In his testimony, Bill Stepien, Trump’s 2020 campaign manager — who withdrew from participating at Monday's hearing in-person because his wife went into labor — said he and a group of other senior aides gathered outside the Oval Office on Election Night to essentially try to talk Trump down from his conspiracy theories.

Stepien said as votes were being counted, it became clear to aides with the president that night that Trump’s chances of victory were “very very bleak.”

"We told him, the group that went over there...chances for success at this point and then we pegged it at, 5, maybe, maybe, 10 percent based on recounts...[and] realistic legal challenges,” Stepien said.

“My recommendation was to say that votes were still being counted. It’s too early to tell," Stepien continued. “The President disagreed with that. ... I don’t recall the particular words. He thought I was wrong, he told me so, and that they were going to go in a different direction."

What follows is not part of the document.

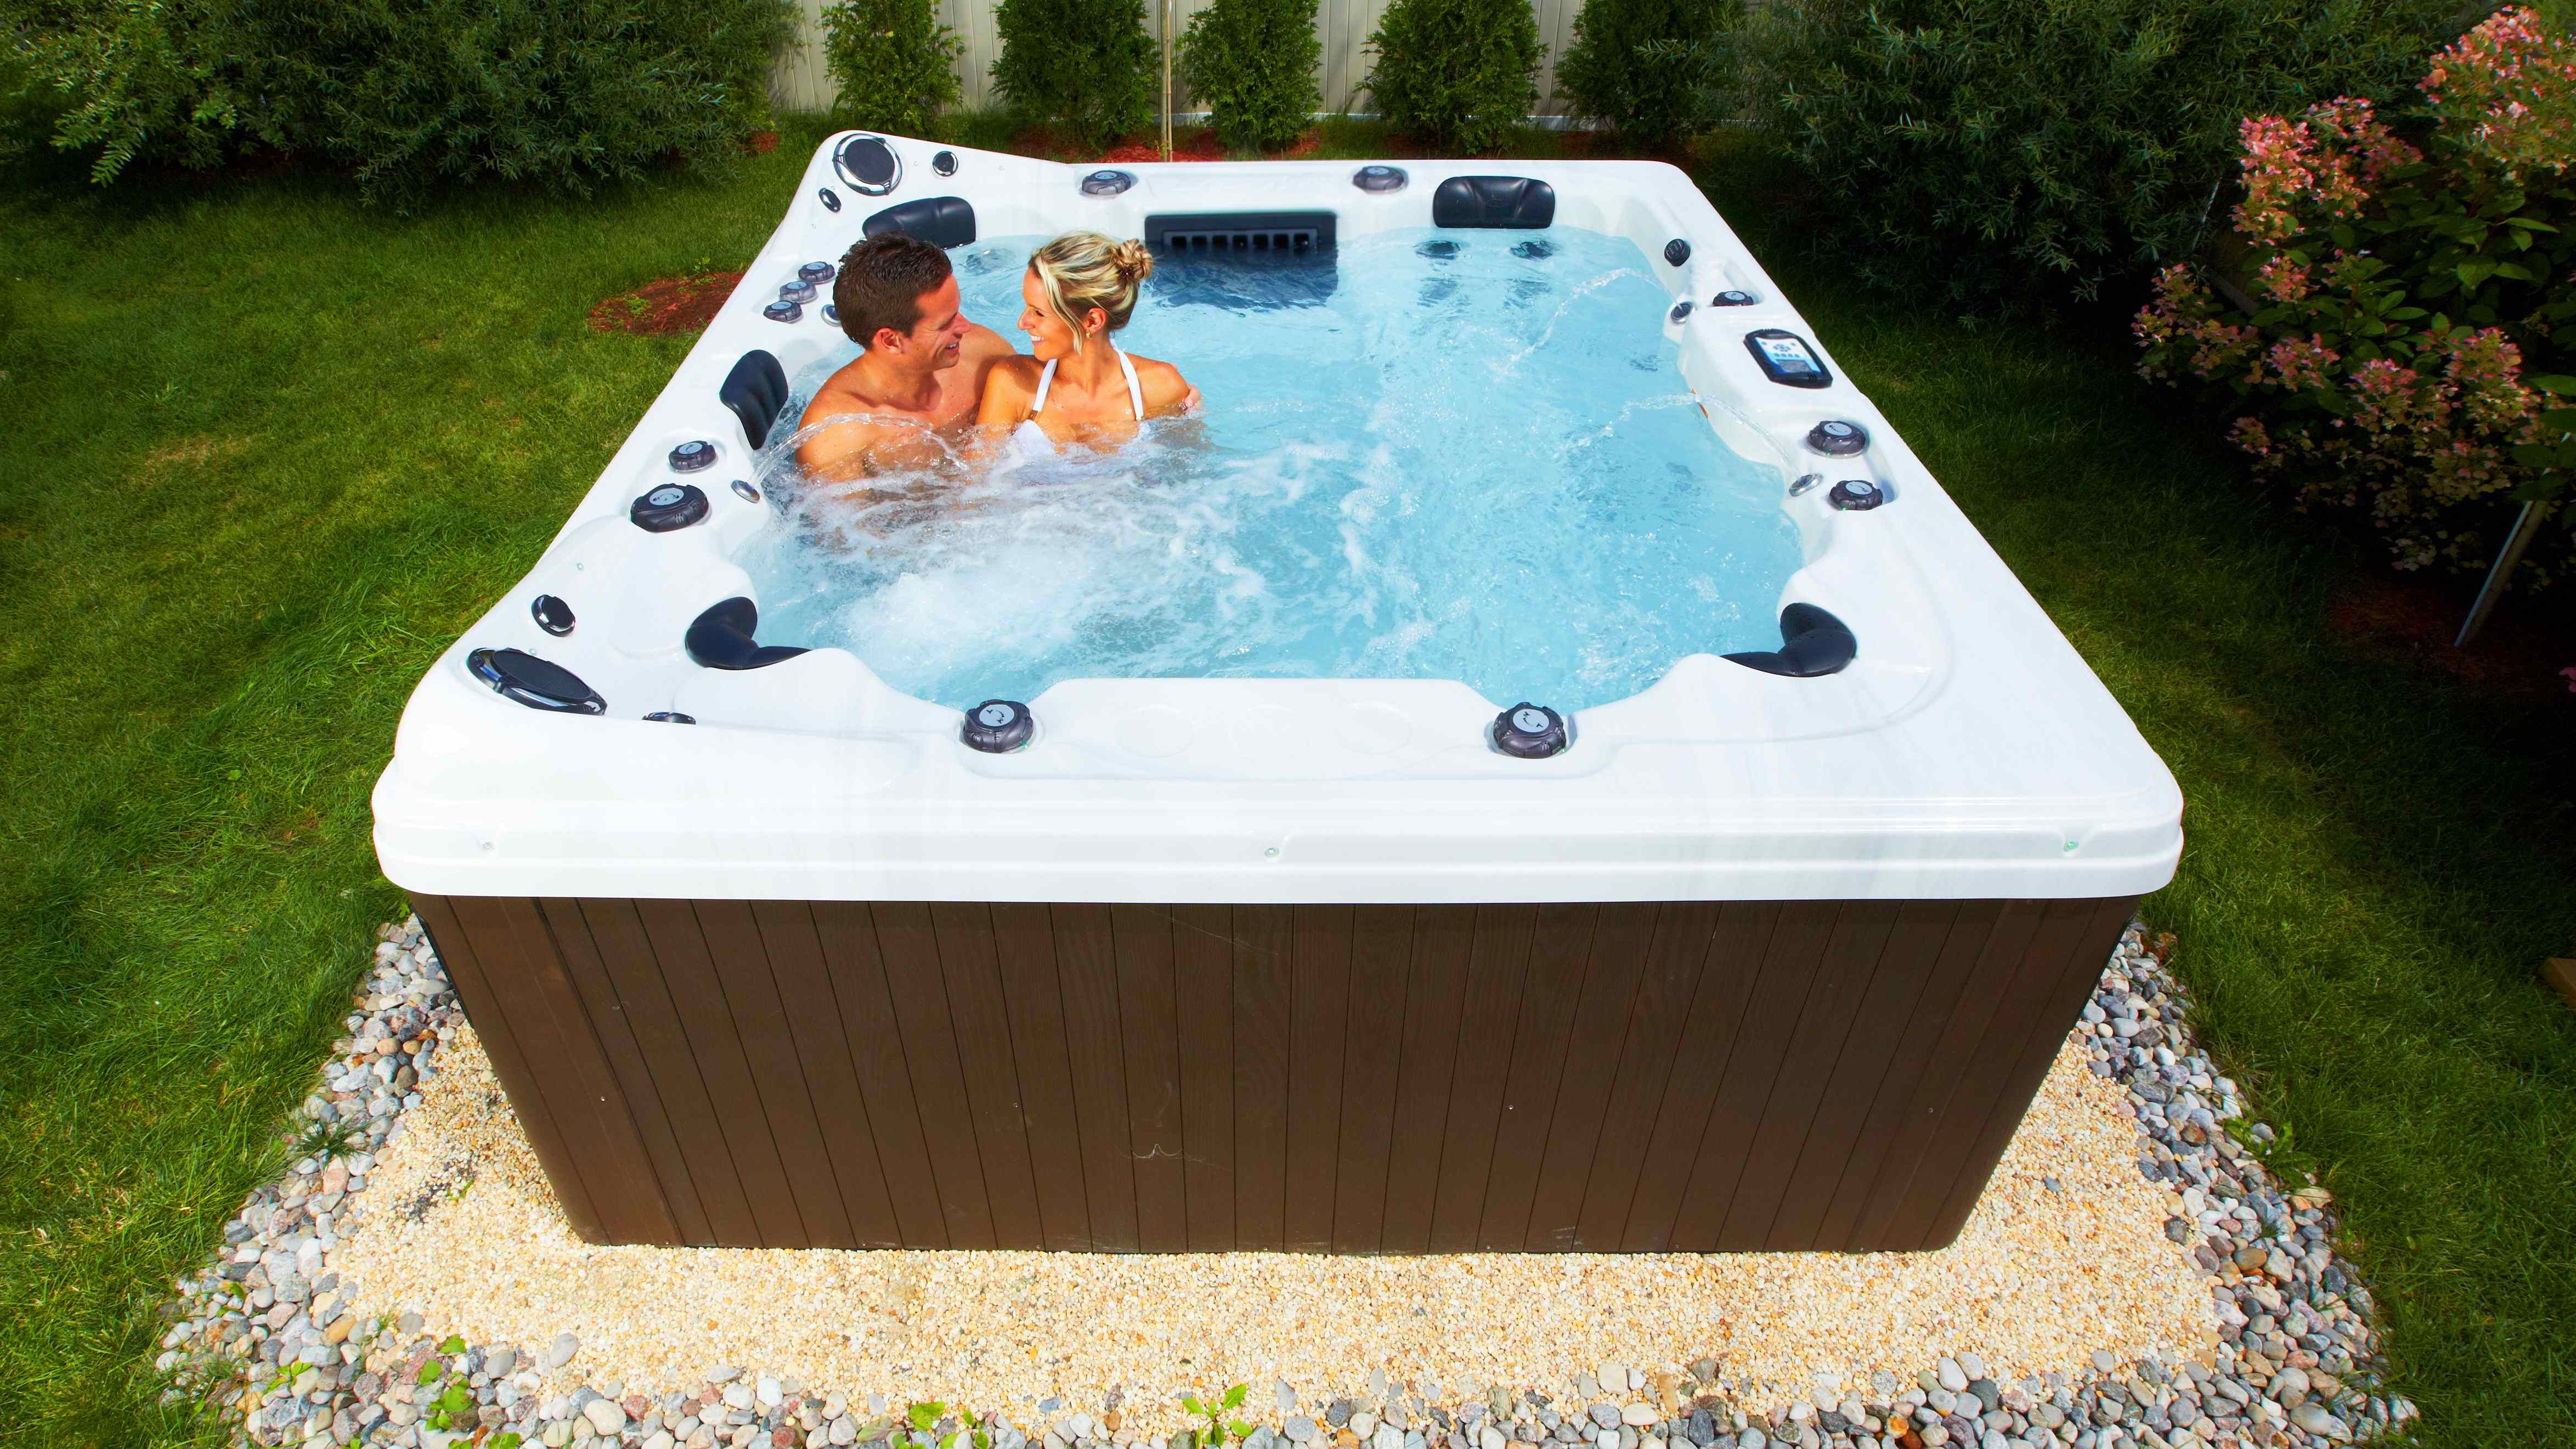 Characteristics and Features You Need to Know About the Portable Spas and Hot Tubs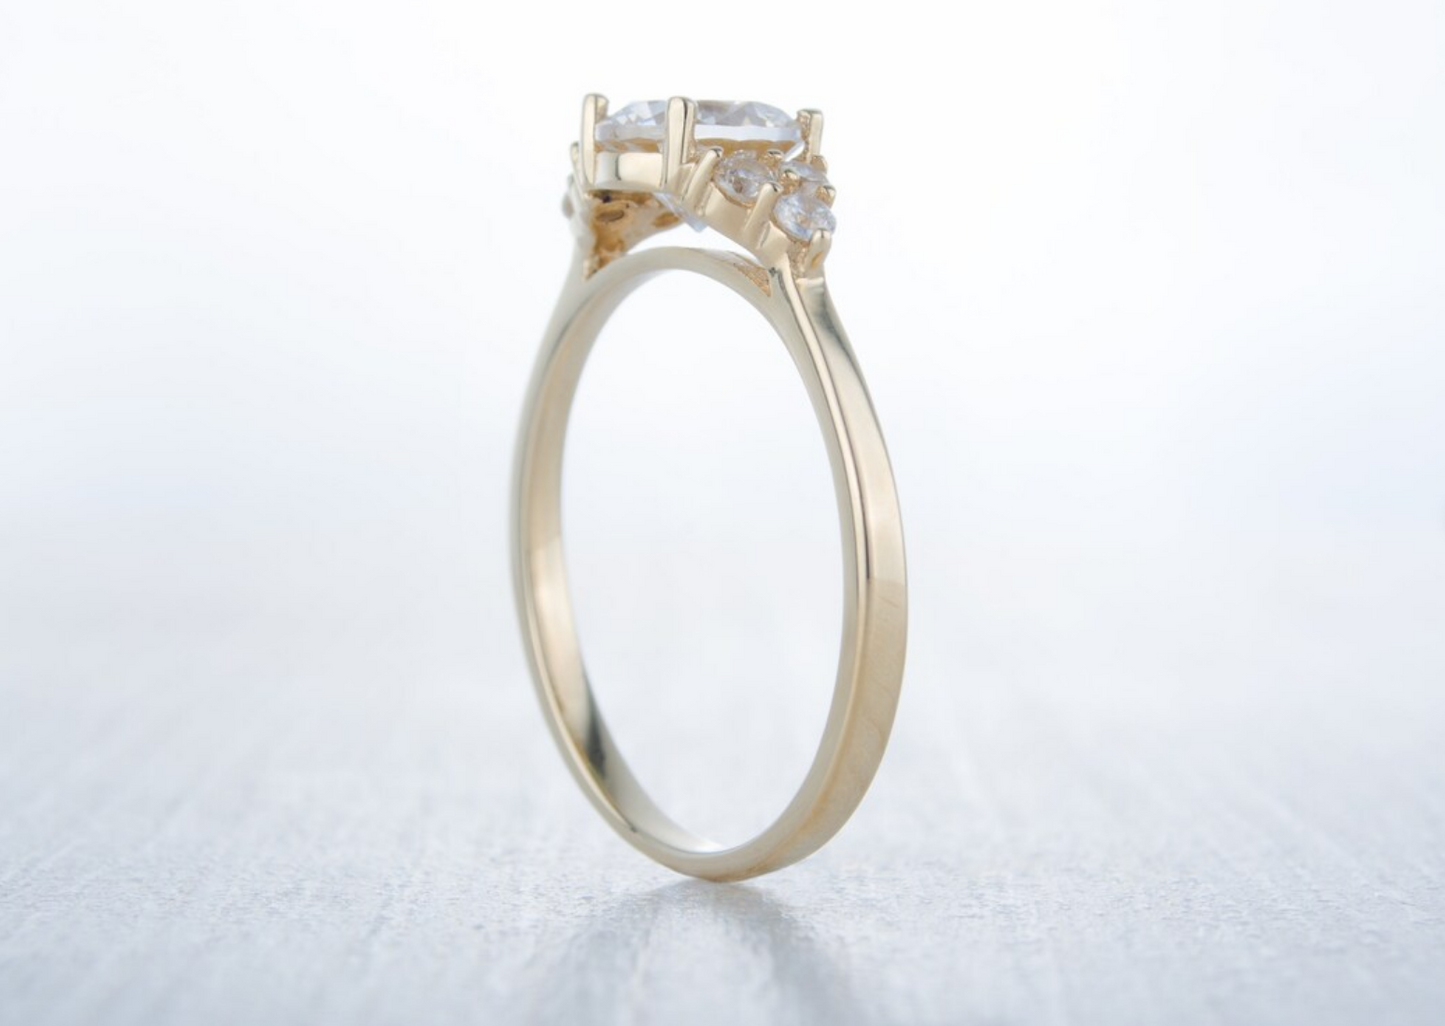 Size UK O / US 7 10K Solid Yellow Gold and Simulated Diamond Engagement ring.

Stepien — who entered national politics working on former President George W. Bush's 2004 re-election campaign and then was a top aide to former New Jersey Gov. Chris Christie — remains aligned with the Trump-wing of the GOP. His political consulting firm is currently advising a conservative candidate in Wyoming’s August GOP primary trying to oust Republican Rep. Liz Cheney, who has broken with her party to become perhaps the most visible face of the Jan. 6 committee’s work.

Stepien and other aides said Giuliani, the former New York City Mayor, arrived and began to push Trump to declare the election stolen.  

“The mayor was definitely intoxicated,” said Trump senior adviser Jason Miller, who remains in Trump's orbit. “There were suggestions by, I believe it was Mayor Giuliani, to go and declare victory and say that we’d won outright.”

Robert Costello, an attorney for Giuliani, told NBC News: “Mayor Giuliani denies that he was intoxicated and denies that he was drinking at all, and he suggests that you talk to other people who were there.”

Costello added that in Giuliani’s nearly eight-hour interview with the committee, no one asked him any questions about this.

In court, Trump’s campaign lost 61 cases and won only a single minor one, which did not affect the vote count for either candidate.

"They did have their day in court," Ben Ginsberg, perhaps the country’s foremost Republican election attorney, told committee members. "In no instance did the court find that the charges of fraud were real."

Trump responded at length Monday evening in a 12-page statement blasting the Jan. 6 committee and repeating many of his election lies and conspiracy theories. He did not go after any of the witnesses whose testimony was showcased on Monday.

The first hearing was held in prime-time Thursday and drew about 20 million viewers.

The next hearing, scheduled for Wednesday morning, will focus on Trump's attempt to “corrupt the Department of Justice” and state election officials. A fourth hearing, set for Thursday afternoon, will focus on Trump’s efforts to pressure Vice President Mike Pence against certifying the results of the election on Jan. 6.

Later hearings will focus on what Trump did on Jan. 6 itself.